Recorded information -
======

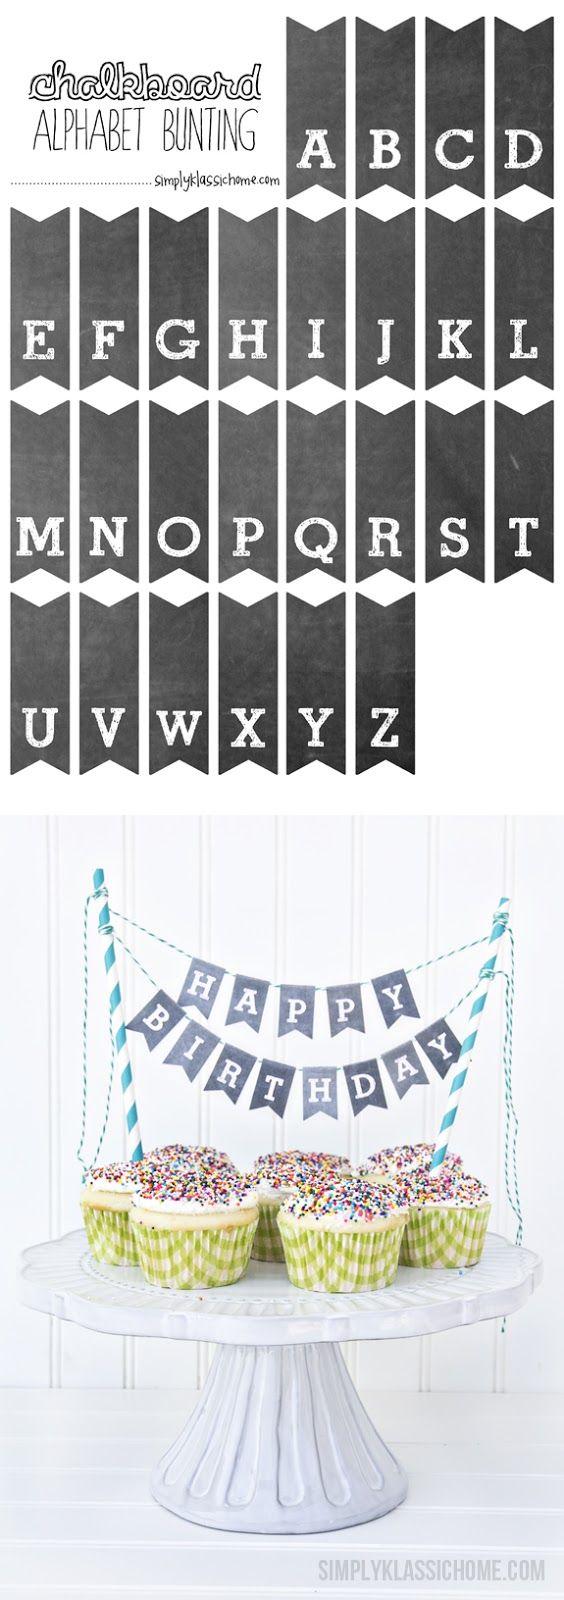 DIY: Printable Chalkboard Letters Cake Bunting
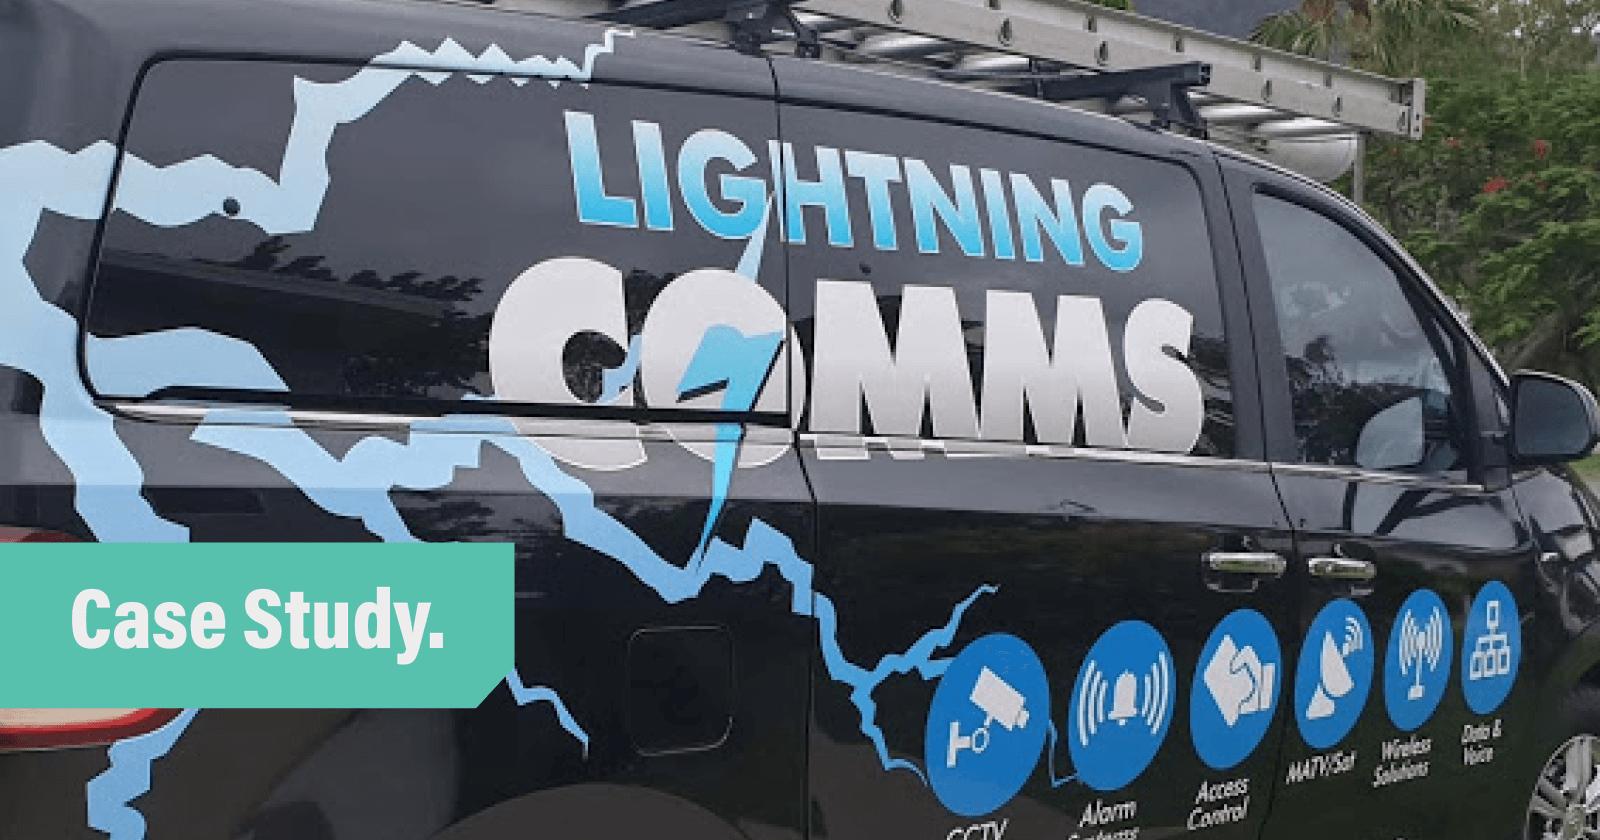 Casestudy_Lightning_Comms_cover-1
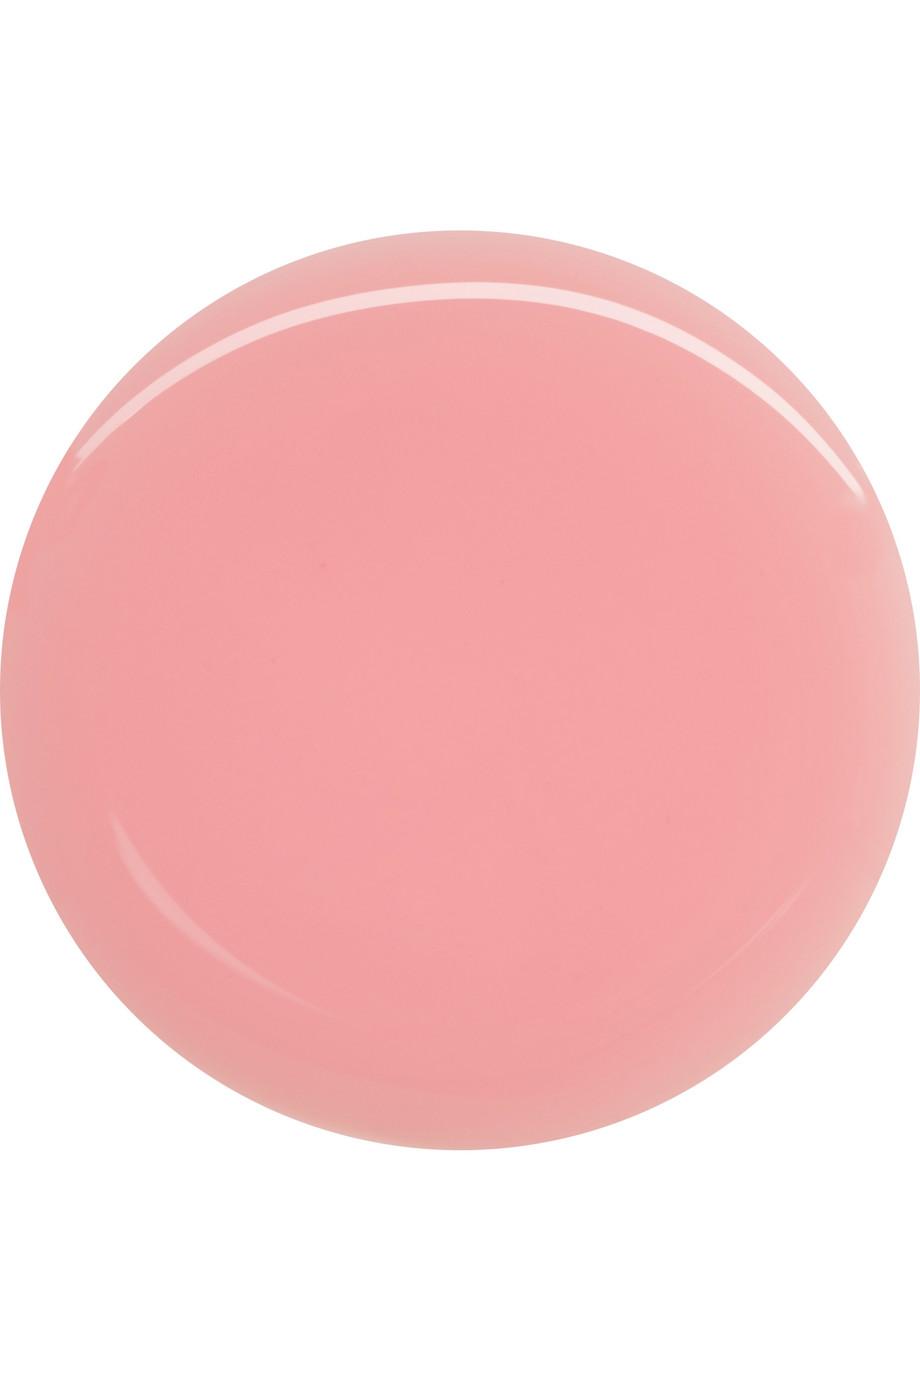 Deborah Lippmann Gel Lab Pro Nail Polish – Love at First Sight – Nagellack
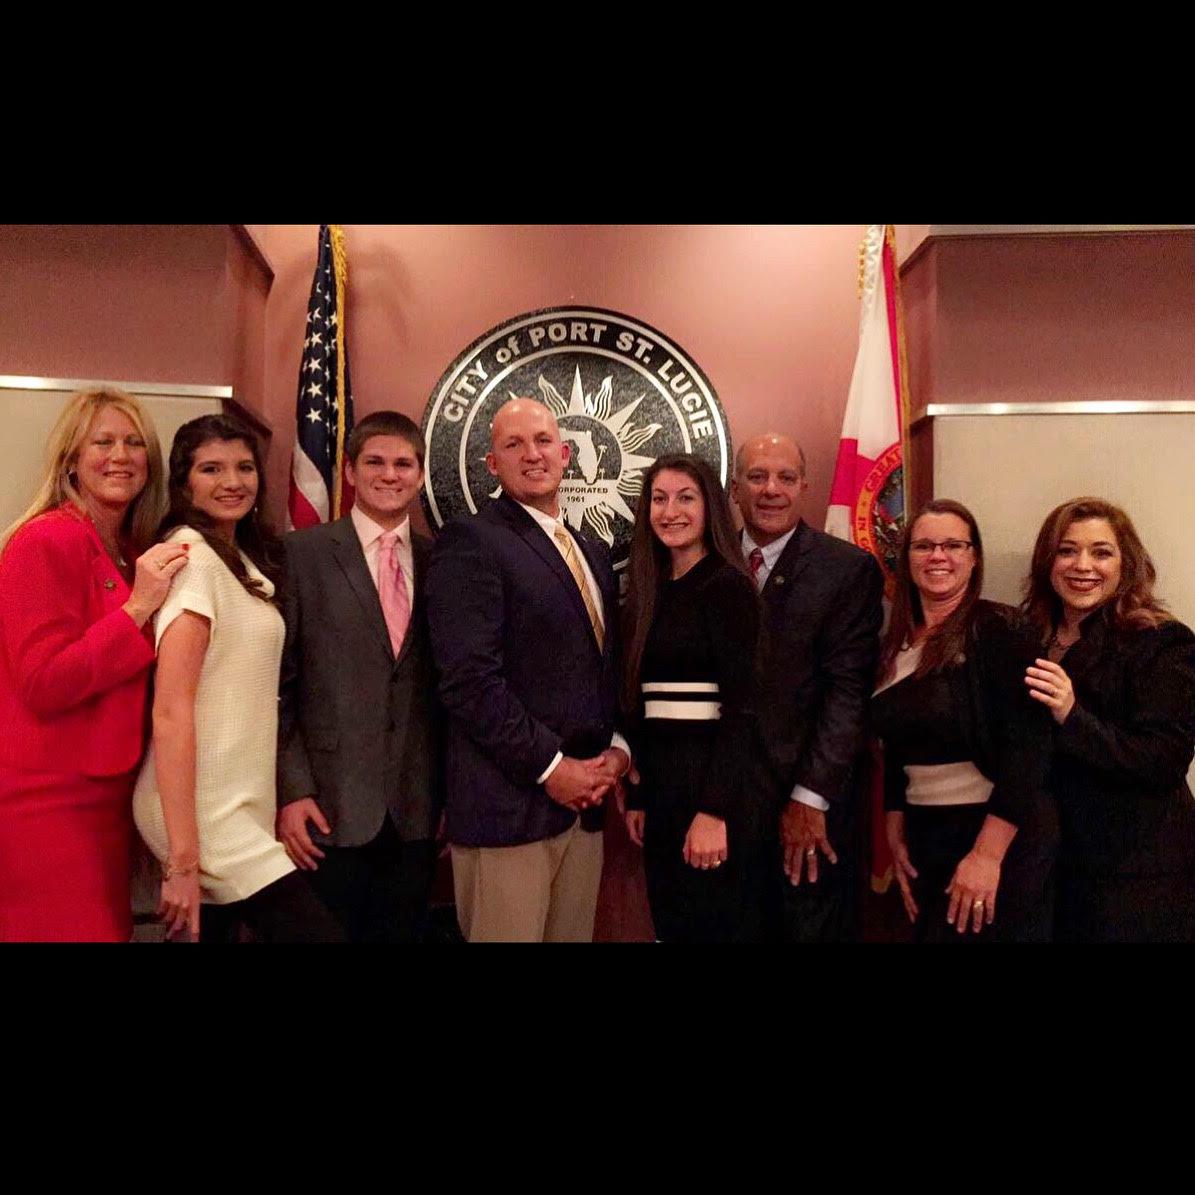 TARS with Port St Lucie City Council

======

Task description - Without including any picture, set down the listing above exactly as it appears.

Output of the task -
 DIY: Printable Chalkboard Letters Cake Bunting
 Casestudy_Lightning_Comms_cover-1
 Deborah Lippmann Gel Lab Pro Nail Polish – Love at First Sight – Nagellack
 TARS with Port St Lucie City Council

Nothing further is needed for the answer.